您的位置:首页 > 理论基础 > 计算机网络

httpclient的一些学习心得

2014-08-27 10:16 399 查看
最近忙于一个项目,了解下httpclient,在这里总结出来,和大家一起学习分享,希望各位朋友提出宝贵的意见。

首先介绍一下项目的背景:

目标:把国内一家保险公司的“WEB一账通”改成“WAP一账通”。

资源:客户不提供任何的webservice接口。

本项目中用到的第三方组件是apache的httpclient,一个非常强大的网页抓取工具(抓这个字用得可能不太好), 这里和大家

一起讨论下httpclient的一些常用用法和要注意的地方。

本文引用的资源列表:

httpclient入门: http://www.ibm.com/developerworks/cn/opensource/os-httpclient/
httpclient证书导入:http://www.blogjava.net/happytian/archive/2006/12/22/89447.html

httpclient高级认识:http://laohuang.iteye.com/blog/55613

httpclient官方文档:http://hc.apache.org/httpcomponents-client/index.html

httpclient资源关闭:http://www.iteye.com/topic/234759

上面的文章写得很好,看完之后也就知道怎么用httpclient这个很好的工具了,但是在这里还是补充一些比较重要的东西,也是项目中经

常碰到的问题。

首先要注意的有以下几点:

1、httpclient连接后资源释放问题很重要,就跟我们用database connection要释放资源一样。

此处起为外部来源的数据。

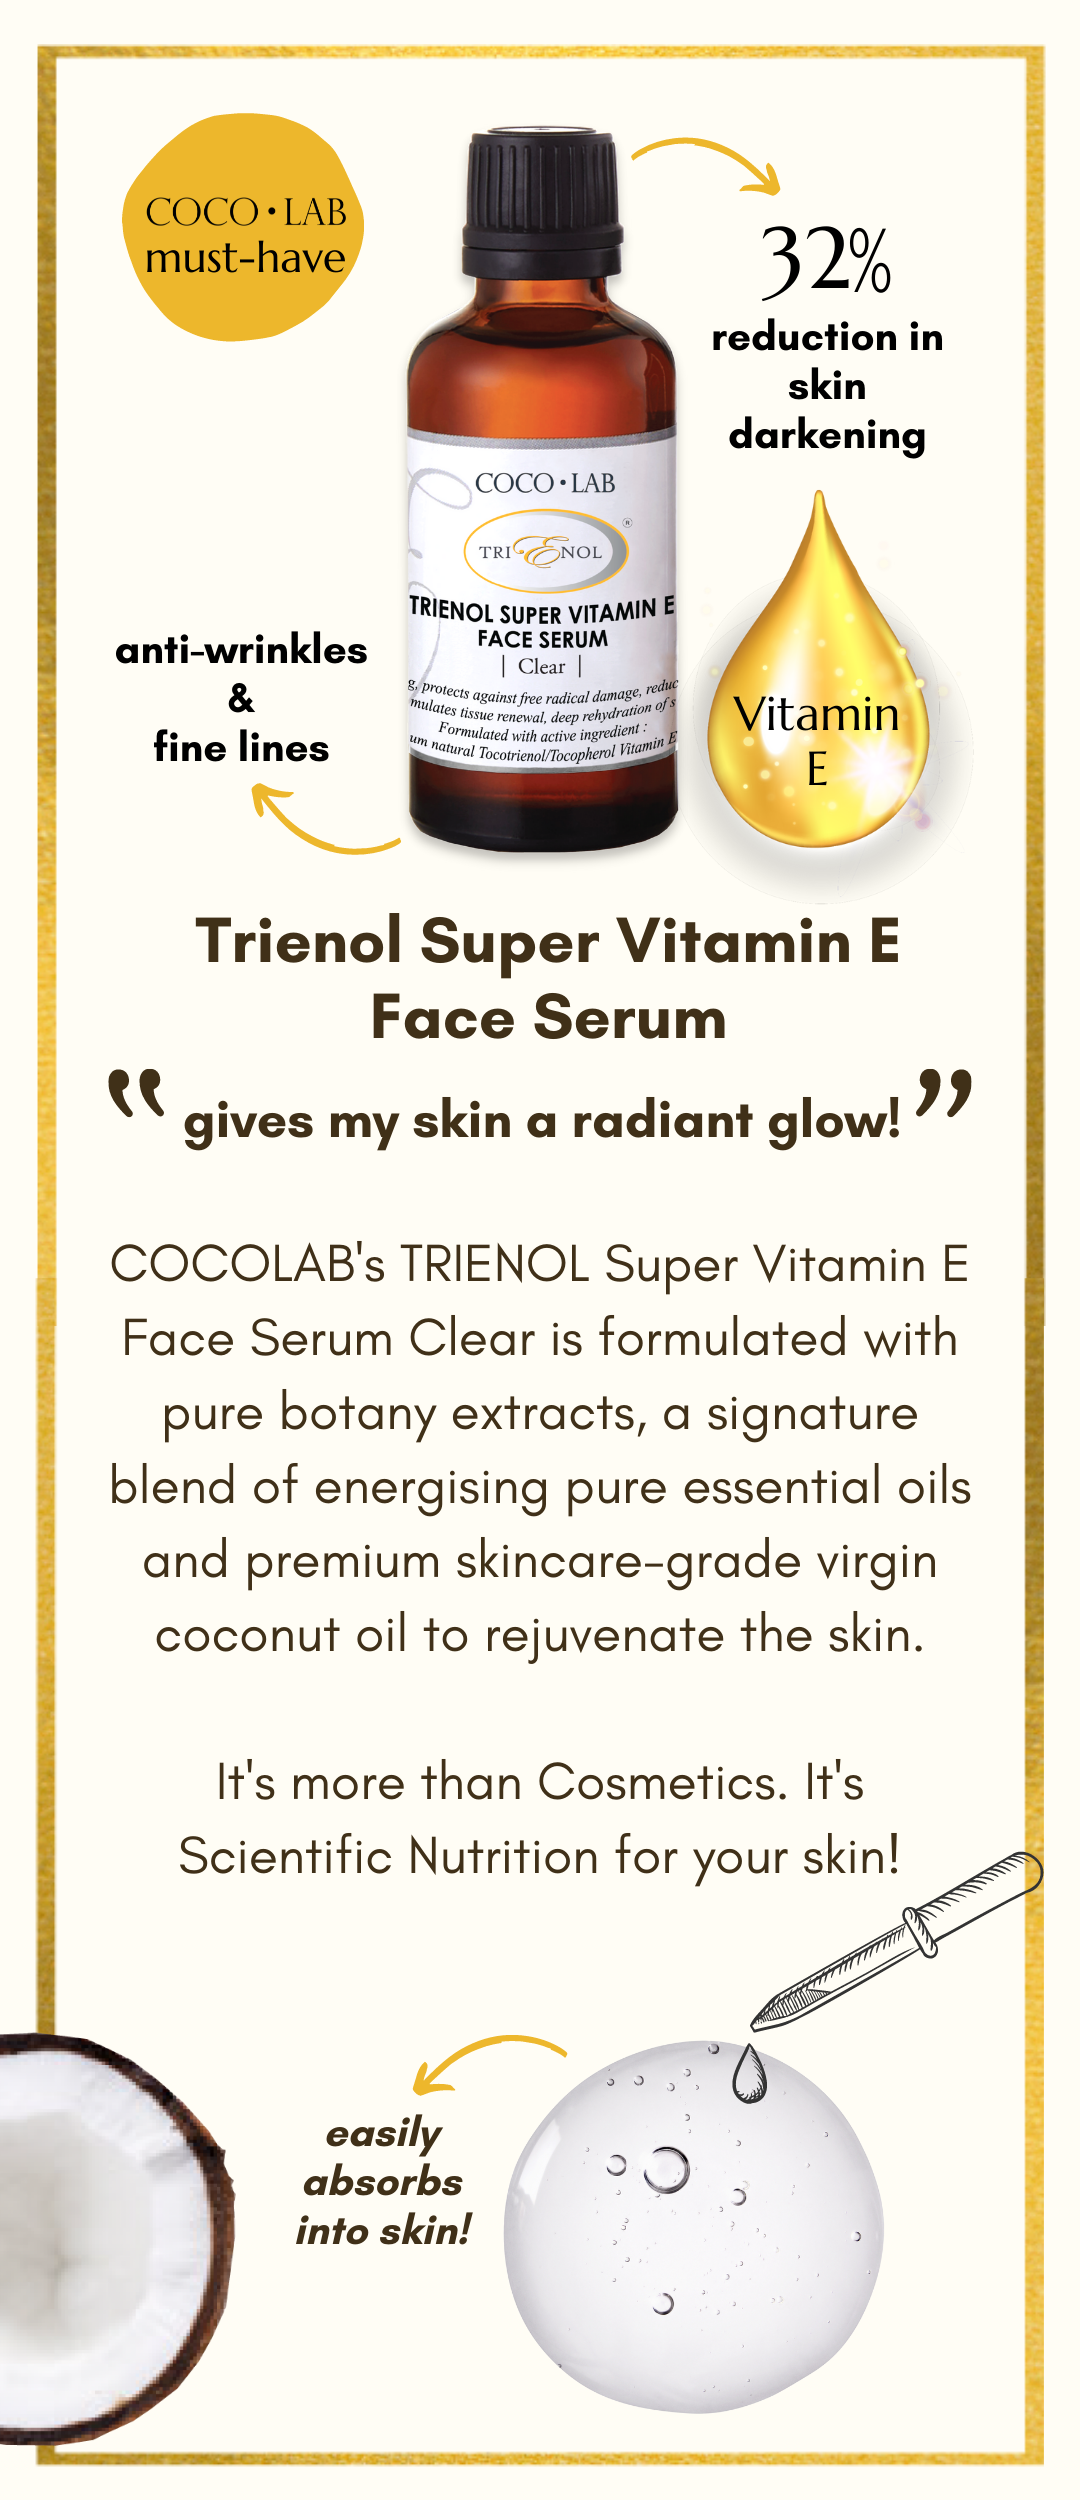 COCOLAB Trienol Super Vitamin E Face Serum Clear

2、https网站采用ssl加密传输,证书导入要注意。

3、做这样的项目最好先了解下http协义,比如302,301,200,404返回代码的含义(这是最基本的),cookie,session的机制。

4、httpclient的redirect状态默认是自动的,这在很大程度上给开发者很大的方便(如一些授权获得cookie),但是有时要手动管理下,比如

  有时会遇到CircularRedirectException异常,出现这样的情况是因为返回的头文件中location值指向之前重复(端口号可以不同)地址,导致可能会出现死

循环递归重定向,这时可以手动关闭:method.setFollowRedirects(false)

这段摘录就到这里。